The researchers used a genetically engineered worm carrying a gene that produces a fluorescent protein – making the worm itself glow under fluorescent light. The researchers then initiated a heritable small RNA silencing response against the fluorescent gene and observed which descendants had inherited the silencing response and stopped glowing, and which descendants ‘forgot’ the parental response and started expressing the fluorescent gene once again after several generations.

Houri-Zeevi repeated this process over and over again so as to understand the rules governing the epigenetic effect. Altogether, she examined dozens of worms lineages, including more than 20,000 individual worms. But the most challenging part, according to Rechavi, was deciphering the different inheritance patterns and understanding the rules behind them.

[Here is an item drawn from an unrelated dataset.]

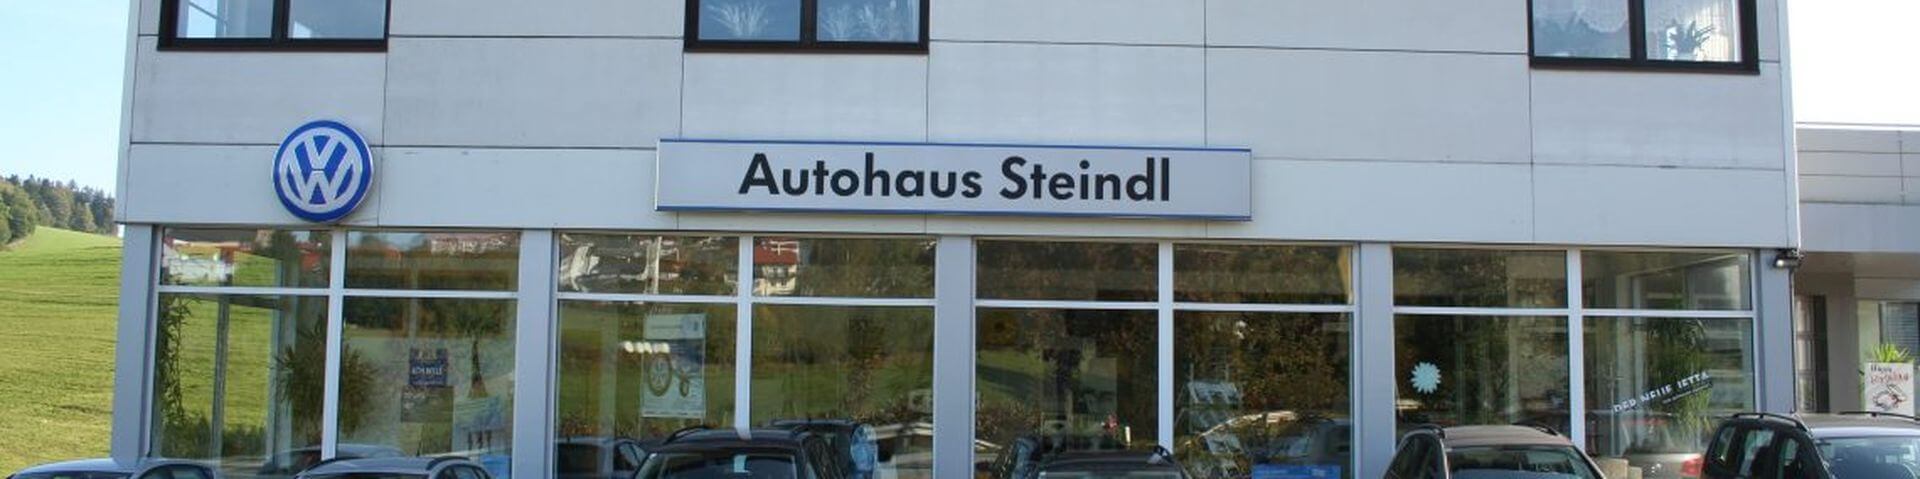 Titelbild von Lehrbetrieb Auto Steindl GesmbH Co. KG auf Lehrlingsportal.at

Ultimately, through in-depth investigation of the inheritance mechanism, the researchers discovered three laws that can explain and even enable the prediction of who inherits the epigenetic information:

First law: Inheritance is uniform in worms descending from the same mother – namely worms of the same lineage. The researchers were surprised to learn that differences in inheritance observed in previous studies were in fact “concealed” due to the method of examining whole worm populations rather than distinct lineages.

Second law: Inheritance is very different in worms derived from different mothers, even though the mothers themselves are supposedly identical, because the worm fertilizes itself. The researchers characterized the mechanism that creates the differences between mothers who are genetically identical and found that differences between descendants stem from varying “internal states” randomly adopted by the mothers. Essentially, the mother’s internal state, the level of activity of the inheritance mechanism in each mother, determines the duration of inheritance, and thus the fate of subsequent generations.

Third law: The longer the duration of the epigenetic inheritance – namely, the greater the number of generations in a specific lineage who inherits the trait – the greater the probability that it will continue on to the next generation as well, “in something like transgenerational momentum, resembling the “Hot Hand” rule in basketball.

According Rechavi, we do not yet know whether the exact same transgenerational epigenetic inheritance mechanism exists in humans as well. “We hope that the mechanism we have discovered exists in other organisms as well, but we’ll just have to be patient. We must remember that genetic research also began with Friar Gregor Mendel’s observations in peas, and today we use Mendel’s laws to predict whether our children will have smooth or curly hair.”

“The idea of acquired traits passed on to descendants is as old as it is outrageous. Even before Darwin and Lamarck, the ancient Greeks argued about it, and it seems to be incompatible with genetic inheritance through DNA,” he concluded. “The worms changed the rules by showing us that inheritance outside the genetic sequence does exist, via small RNA molecules, enabling parents to prepare their offspring for the difficulties they have encountered in their lifetime. From one study to the next we shed light on the molecular mechanisms and mysterious dynamics of epigenetic inheritance, with the present study providing laws and introducing some order into the chaos.”